Material provided section start

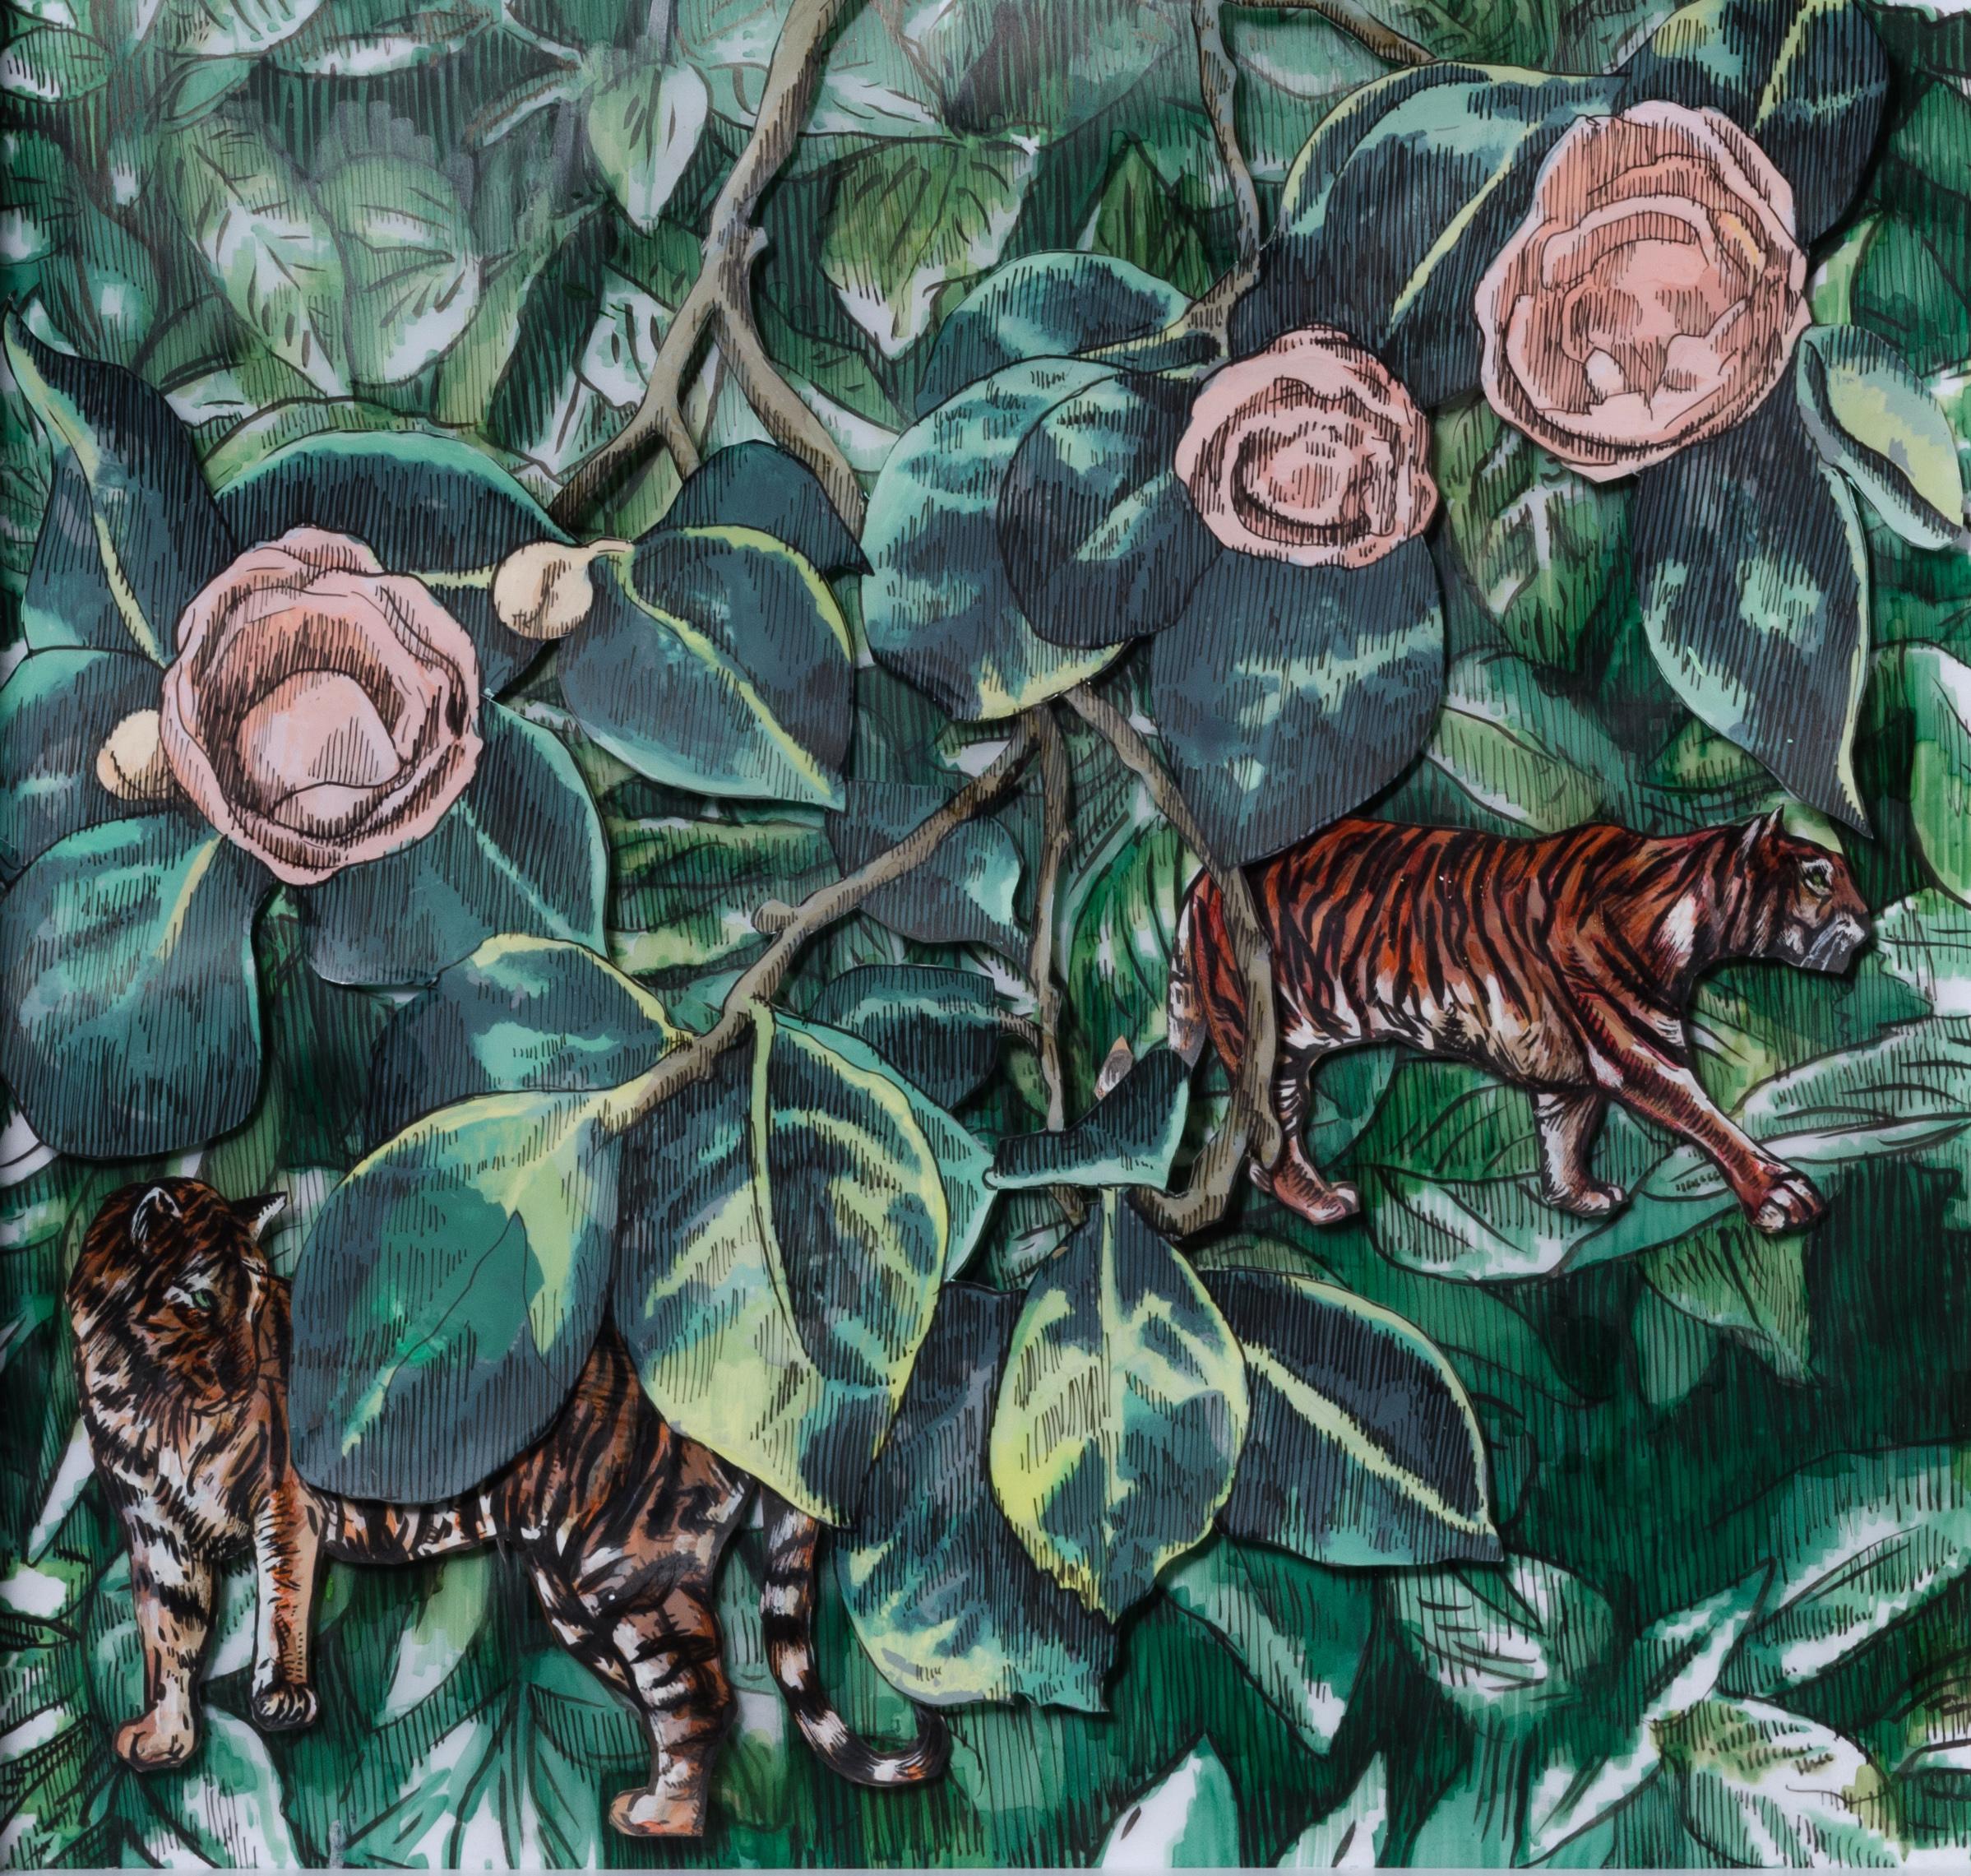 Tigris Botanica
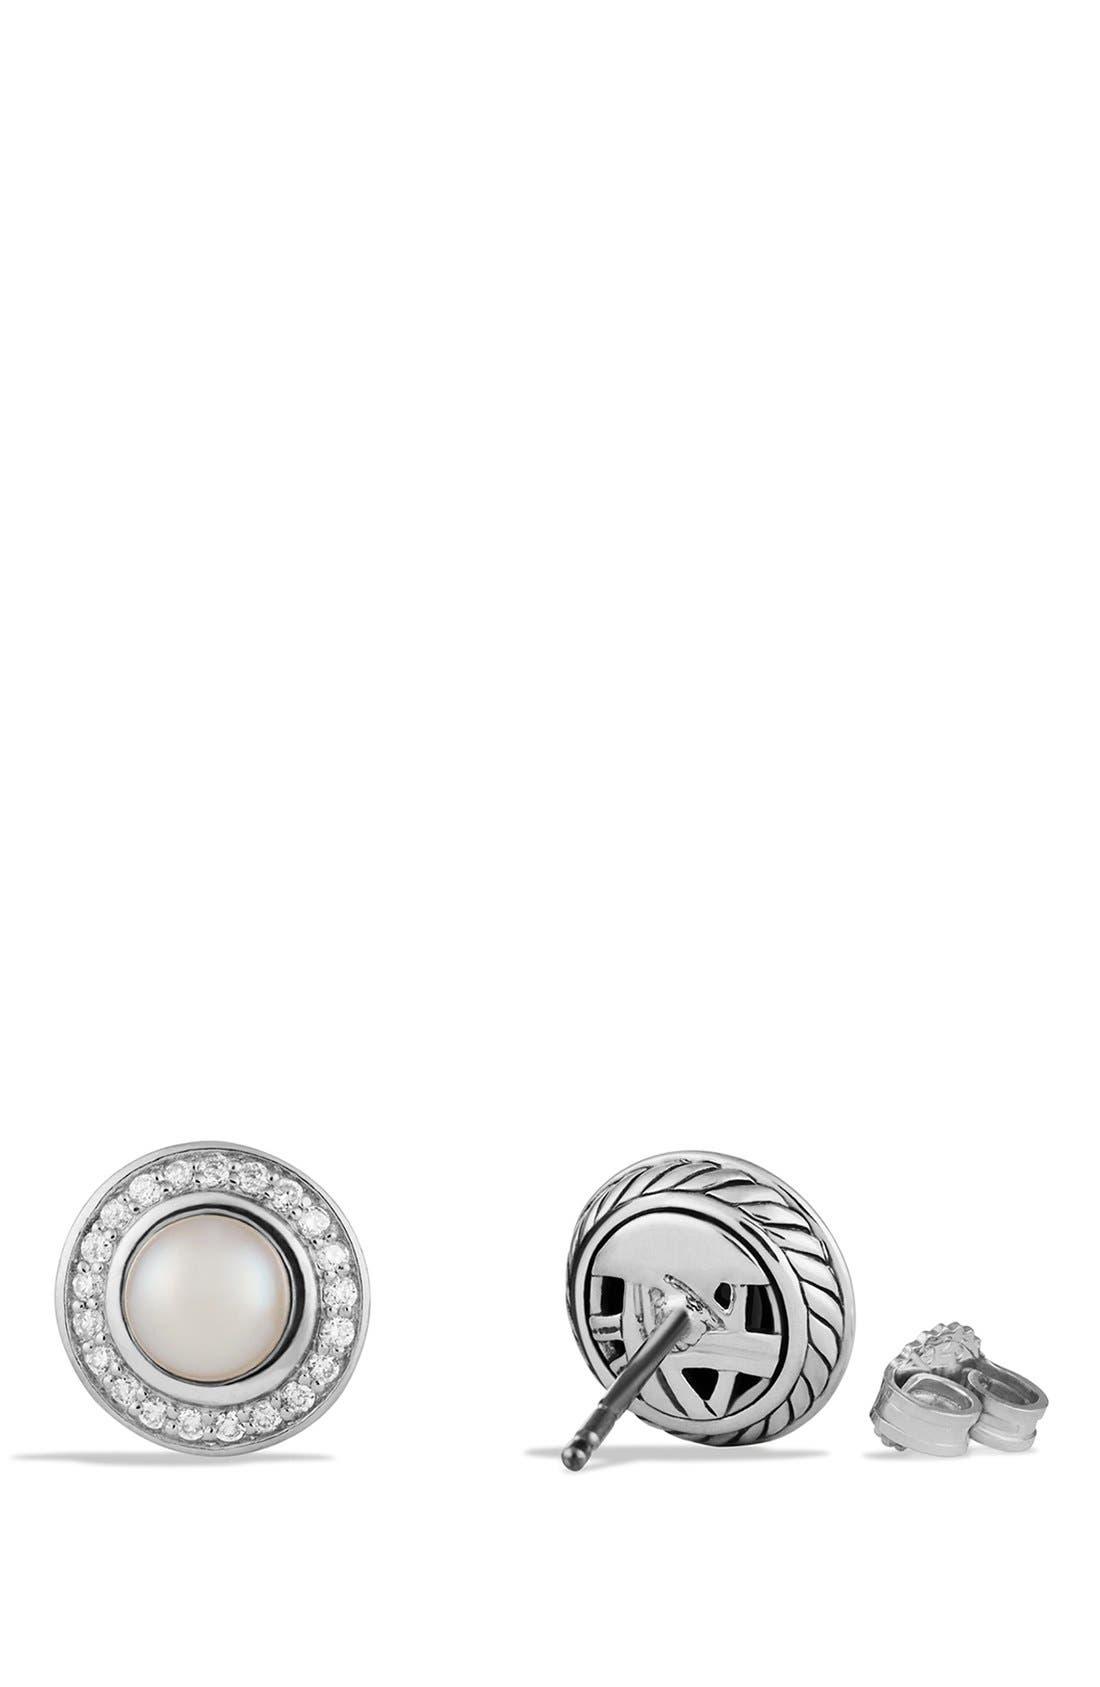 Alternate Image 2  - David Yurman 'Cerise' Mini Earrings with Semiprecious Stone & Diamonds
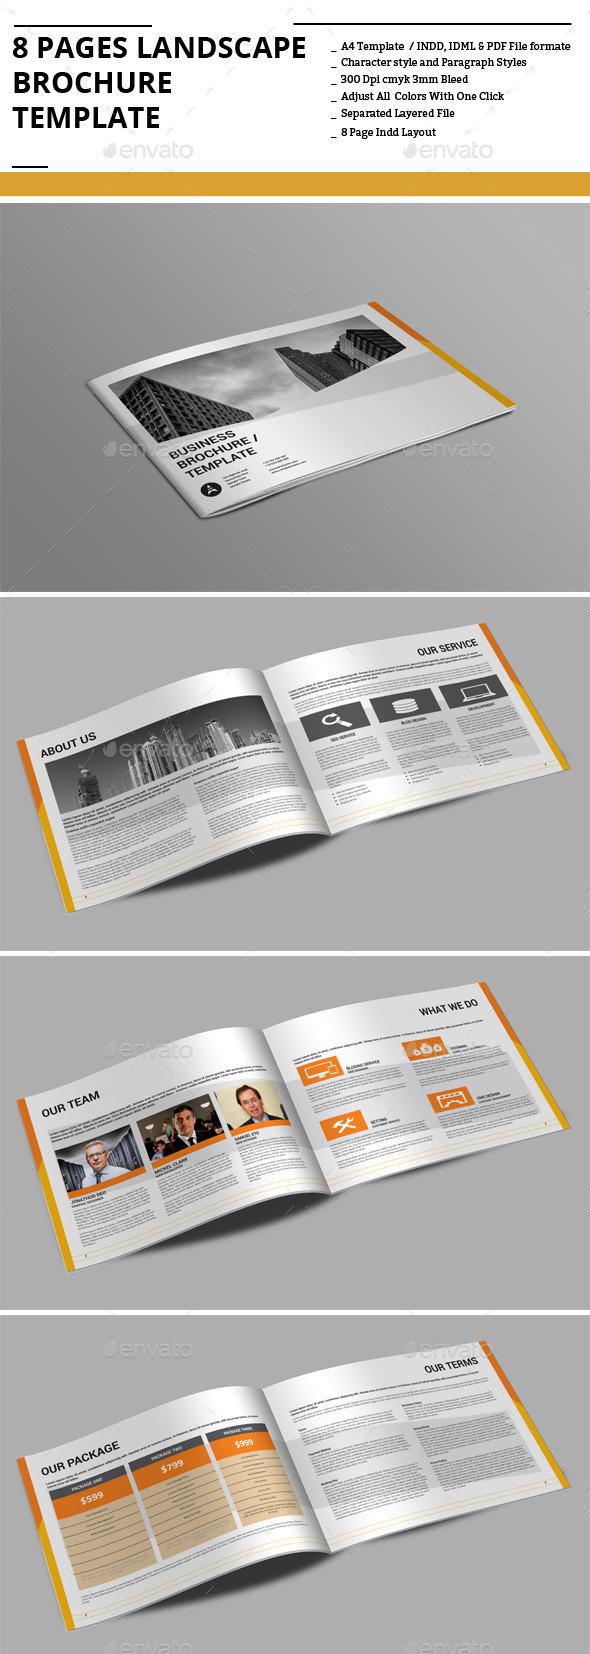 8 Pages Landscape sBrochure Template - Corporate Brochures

Material provided section end

Return the listing above verbatim and exclude every picture.

 Tigris Botanica
 Alternate Image 2  - David Yurman 'Cerise' Mini Earrings with Semiprecious Stone & Diamonds
 8 Pages Landscape sBrochure Template - Corporate Brochures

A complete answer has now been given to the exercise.